# Metal bar in way of junction box



## dstu (Feb 21, 2010)

I removed the light above my vanity and found that the the previous installer did not install a junction box. The house was built in 1985 so I think there should have been one. Anyway, there is a metal bar that is crossing the hole that conflicts with a new installation. I am prepared to cut this bar away to make room but I would like to know what it is before I create a new problem.

Does anybody have any idea what this is? And if I can cut it away without any regrets?

The bar is shown in both of the attached photos. For background. This is an exterior wall. There is a stud located about 1" to the right of the existing cut out. There is a vent pipe on the left edge of the cutout. The metal bar appears to extend from the stud on the right generally in the direction of the stud on the left (outside of the photo). I have seen something like this as bracing for pipes in other locations of the house but in those cases they used copper pipe.

Any suggestions would be appreciated.

Derek


----------



## Wuzzat? (Feb 21, 2010)

It's one of these adjustable braces.  Each end has teeth to dig into the sides of joists.  If you loosen the setscrew the thing comes loose.

Google Image Result for http://i.ehow.com/images/GlobalPhoto/Articles/2289593/fanboxbrace_Thumb.jpg

Or, if you have a wrench like in the pic below
http://wpcontent.answers.com/wikipe...es.png/300px-Monkey_and_Stillson_wrenches.png
you might be able to put enough torque on the thing so that it releases its grip on the joist sides, and so you can then pull it through the hole.  Use a pipe on the wrench handle for extra torque if needed.
Take it slow with this process.

You have enough depth for a junction box?


----------



## dstu (Feb 21, 2010)

That looks like a match.  I guess the question I have to ask now is do I find a box to fit the bar or remove the bar and install an standard box.  

Thank you for the rapid feedback!

Derek


----------



## Wuzzat? (Feb 21, 2010)

dstu said:


> That looks like a match.  I guess the question I have to ask now is do I find a box to fit the bar or remove the bar and install an standard box.
> 
> Thank you for the rapid feedback!
> 
> Derek


If you're not hanging anything heavy I'd remove the bar and use an "old work" box.
http://www.foxelectricsupply.com/Content/Media/Images/Product/b618r.jpg

Yeah, that was fast.  Coincidence, I guess. . .


----------



## ohmy (Feb 22, 2010)

How was the light up there without a box?


----------



## JoeD (Feb 22, 2010)

Peraps the old light did not need a box. The light itself was the junction box.


----------



## Wuzzat? (Feb 23, 2010)

JoeD said:


> Peraps the old light did not need a box. The light itself was the junction box.

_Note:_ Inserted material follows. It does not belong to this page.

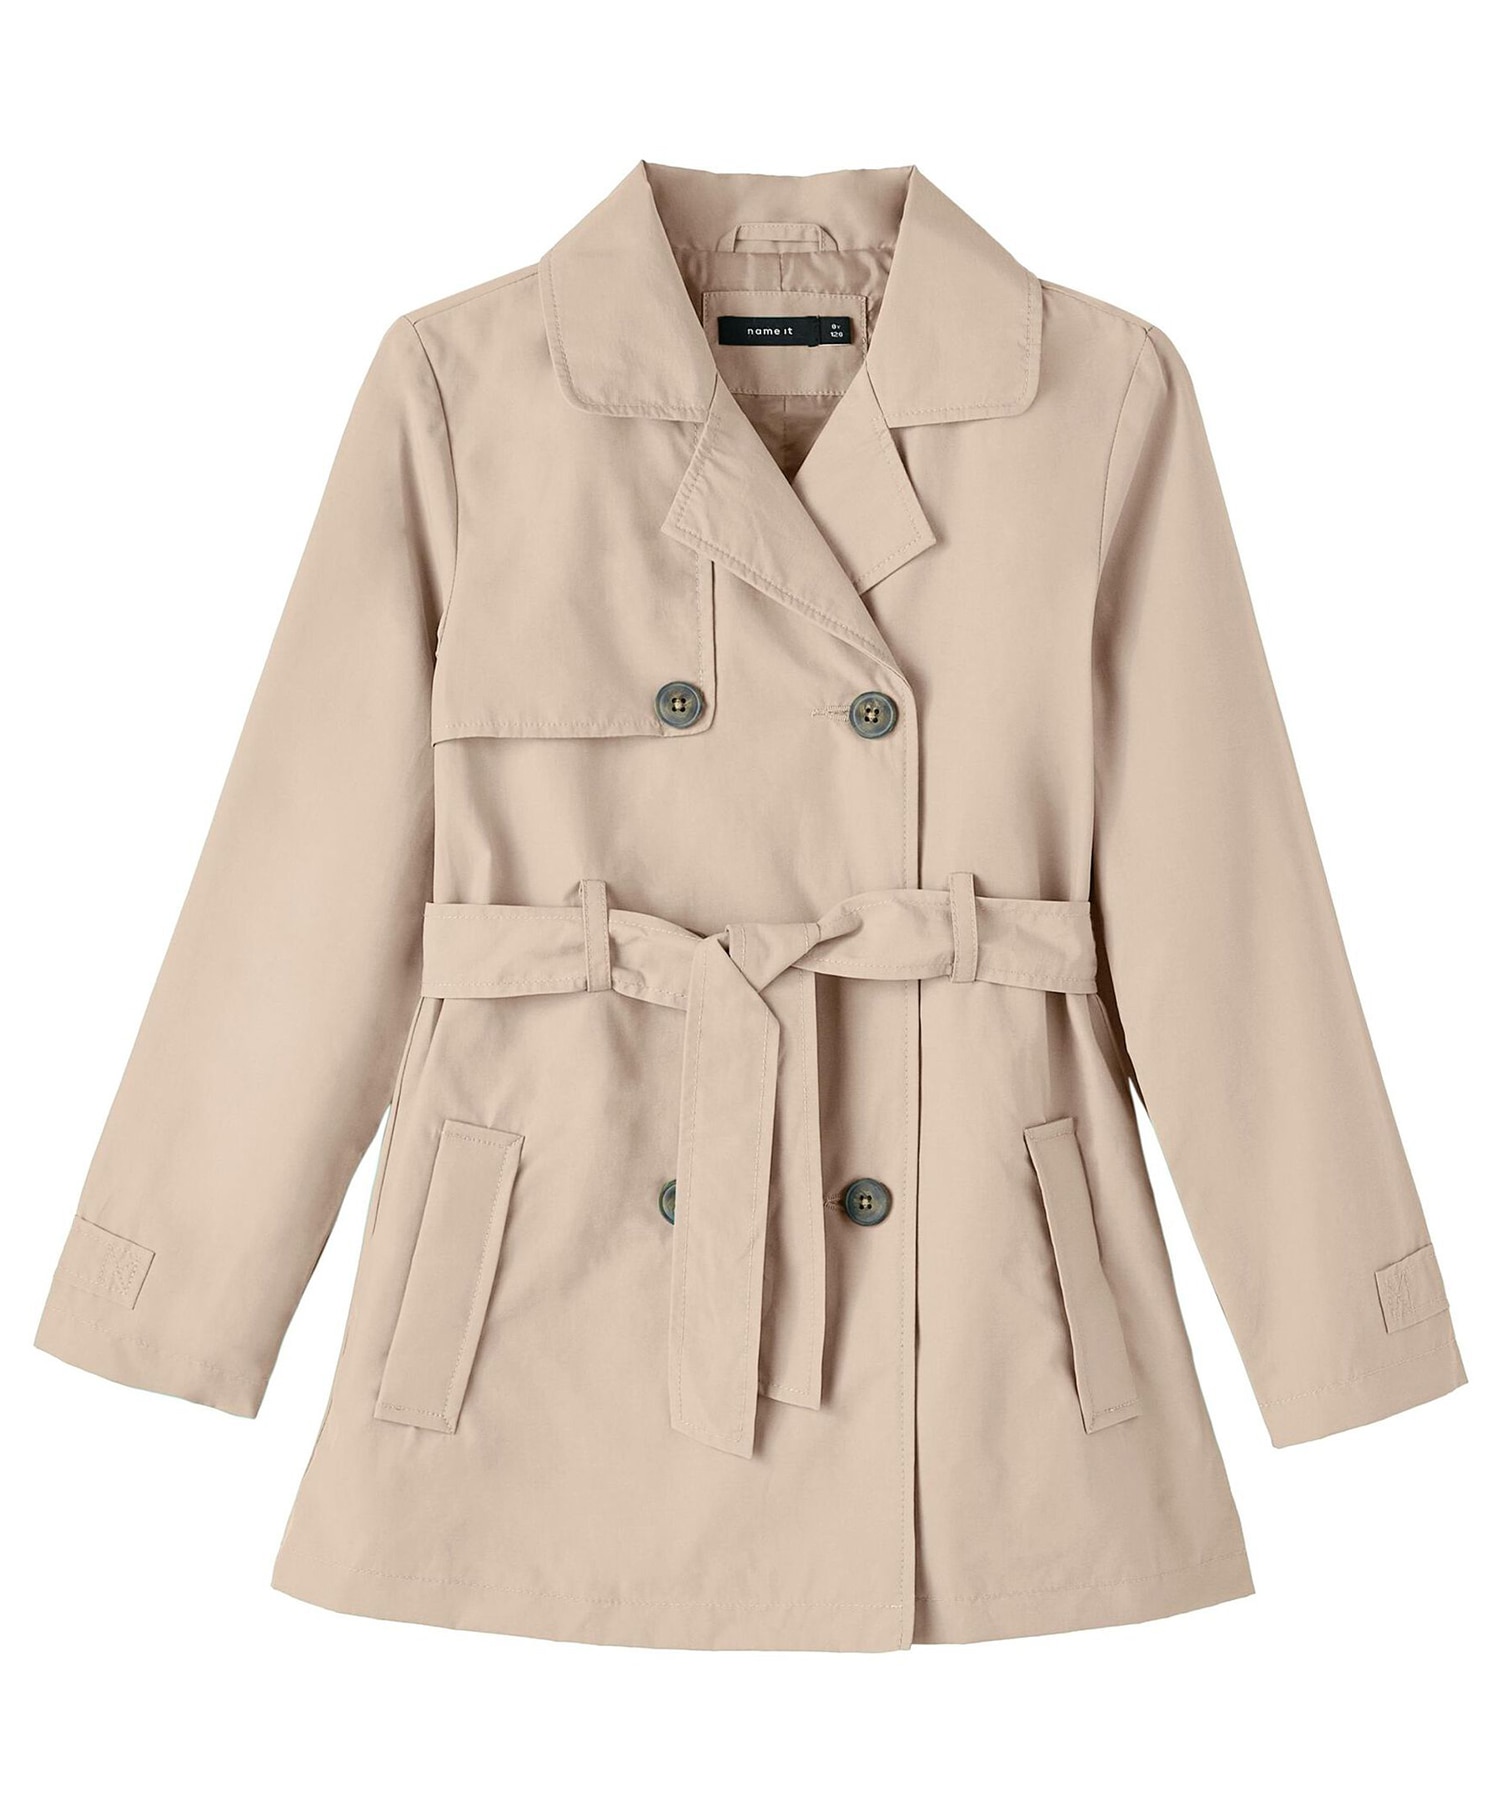 Name it - MADELINE Trench coat

As long as the splice is in a fire-resistant enclosure I don't have a problem with it, but the NEC might.

Another thing is that some ceiling light fixtures require 90 °C cable instead of 60 °C, and the changeover was around 1985.  
In this case, if you have 60 °C cable you should halve the max fixture wattage and relabel.  E.g., the fixture from the store says 200w max, so you never put over 100w worth of bulbs in it, or use CFLs. 
I brought up this idea with UL but they wouldn't say yea or nay on this derating plan.  But they understood my point.


----------



## JoeD (Feb 23, 2010)

A fixture must be installed based on the max wattage rating and the manufacturers specs. If it says you need 90ºC wire then you must have it to be code. You can say you will use CFLs but you don't know what the next guy might use.


----------



## Wuzzat? (Feb 23, 2010)

JoeD said:


> You can say you will use CFLs but you don't know what the next guy might use.


UL's only real objection to the derating seemed to hinge on the label being permanent or not.

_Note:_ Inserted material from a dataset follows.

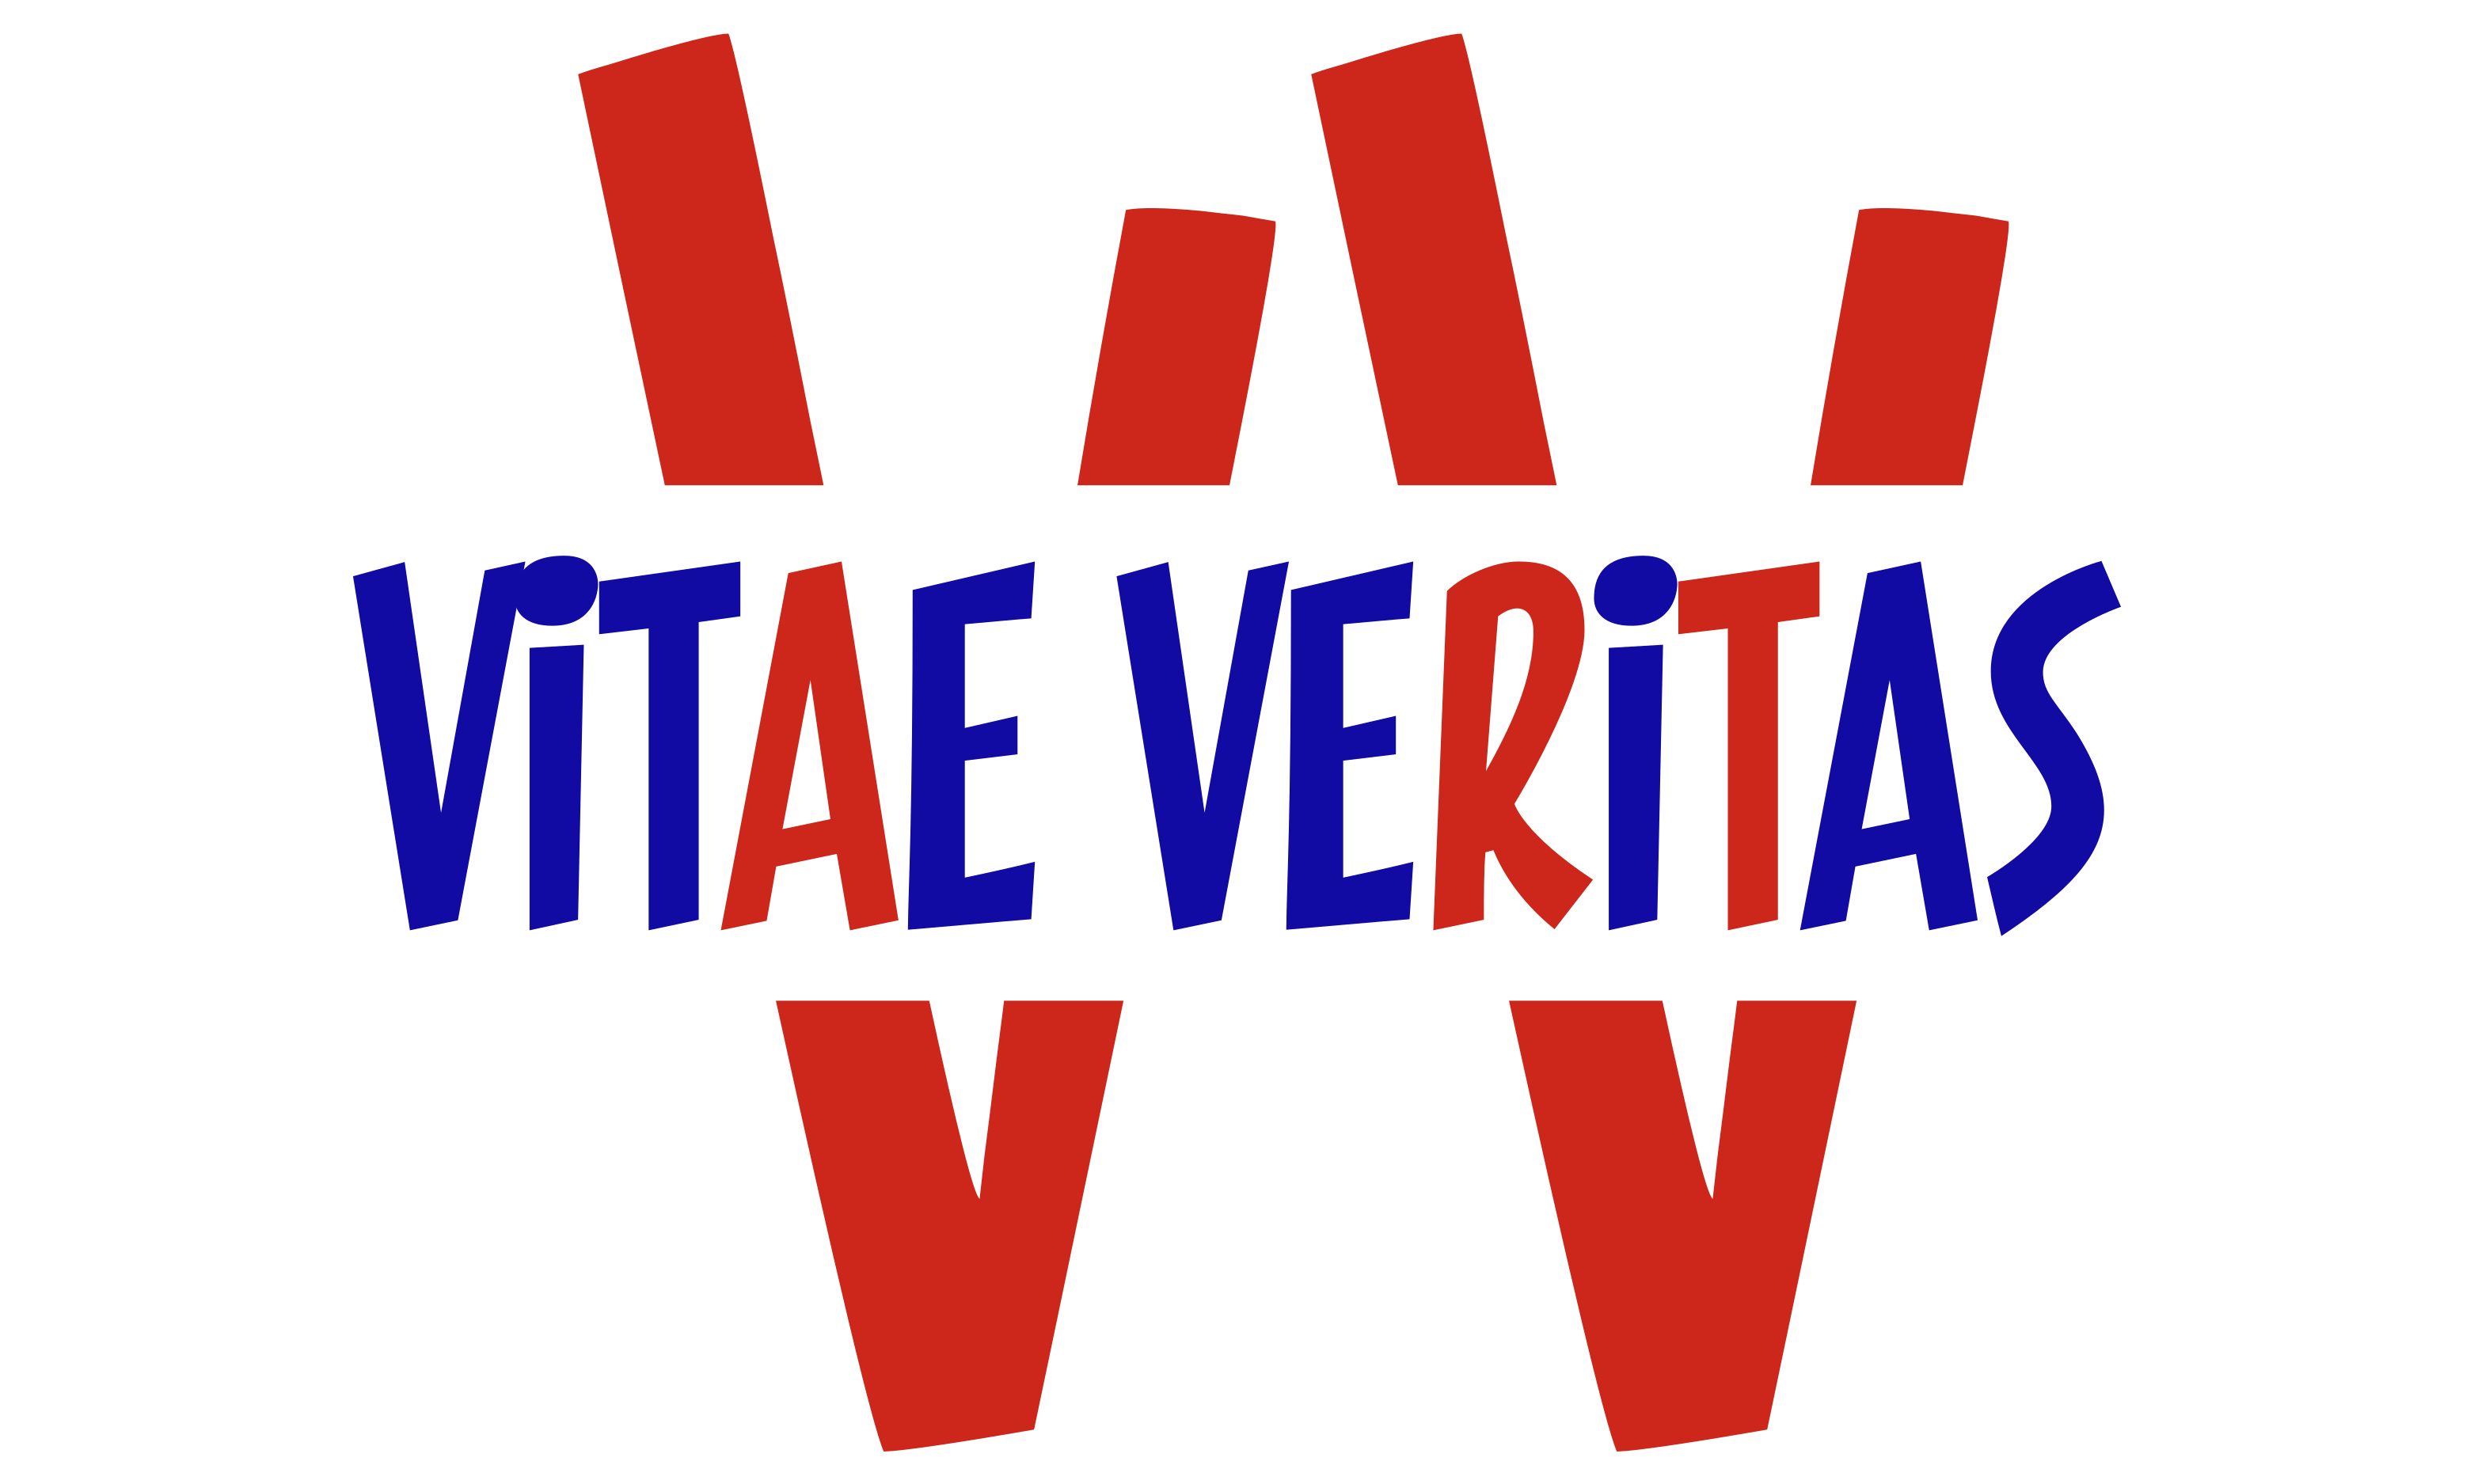 Vitae Veritas is in caps in dark blue, with the A and R and T in red, spelling

In any case, can you imagine how many fixtures there are in 110M homes in the US that are not in compliance with those labels?

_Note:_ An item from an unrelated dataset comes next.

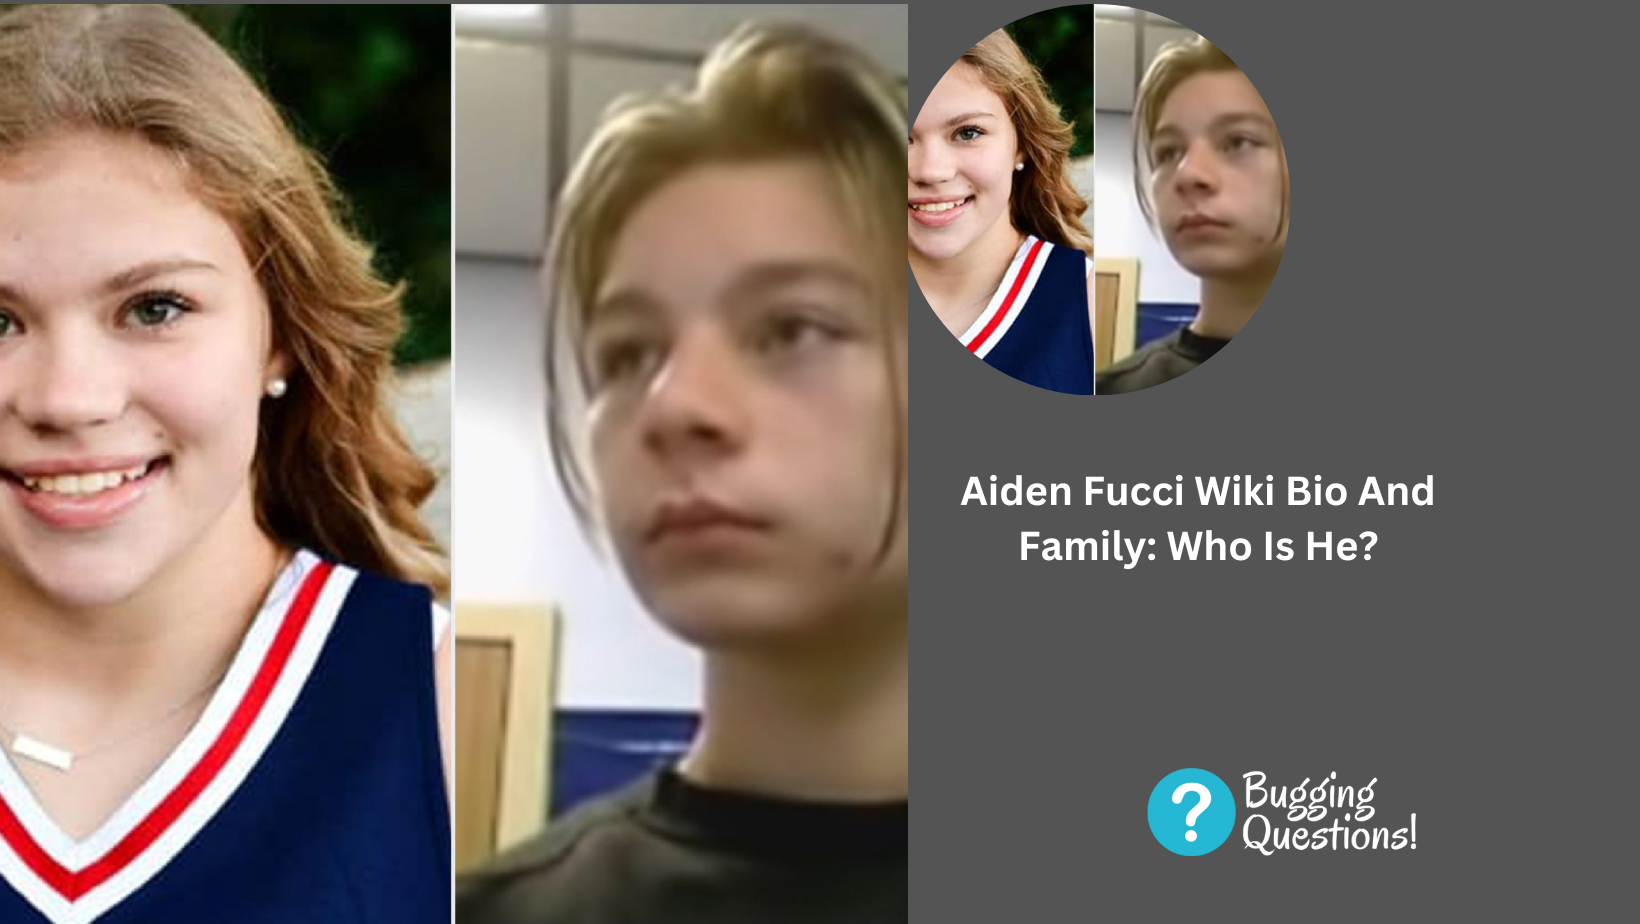 Aiden Fucci Wiki Bio And Family: Who Is He?

And have you noticed that the outside of the packaging never mentions this 90 °C requirement?  They might lose a sale if they did that.


----------



## JoeD (Feb 23, 2010)

NEC code requires that work install fixtures as labelled and use the highest watt rating when doing any calculations or installation.


----------



## Wuzzat? (Feb 23, 2010)

JoeD said:


> NEC code requires that work install fixtures as labelled and use the highest watt rating when doing any calculations or installation.


Yes.
I imagine they use peoples' built in
Zero-risk bias - Wikipedia, the free encyclopedia

A lot of stuff can be sold using Fear, Uncertainty and Doubt.
Amazon.com: unSpun: Finding Facts in a World of Disinformation (9781400065660): Brooks Jackson, Kathleen Hall Jamieson: Books

Lemme' ask you: if I ran 20A through #14 copper Romex in free air, what kind of temp. rise above ambient should I see?  Does 2°C sound right?


----------



## triple D (Feb 27, 2010)

If you have not cut it yet, dont! there is a solution for this I use all the time. Go to your supply house or big box store and buy a 3-0 spreadder. This will have a bar on it like you see in your wall. Then get a 3-0 metal pancake box. Then take the metal bracket and two screws off the bar and use these to attach the pancake to the bar in your wall. Bring the romex wire through one of the holes and secure it with the clamp, be sure to wrap it on ground screw. Oh and make sure the power/switch is off. Good luck, hope this helps.


----------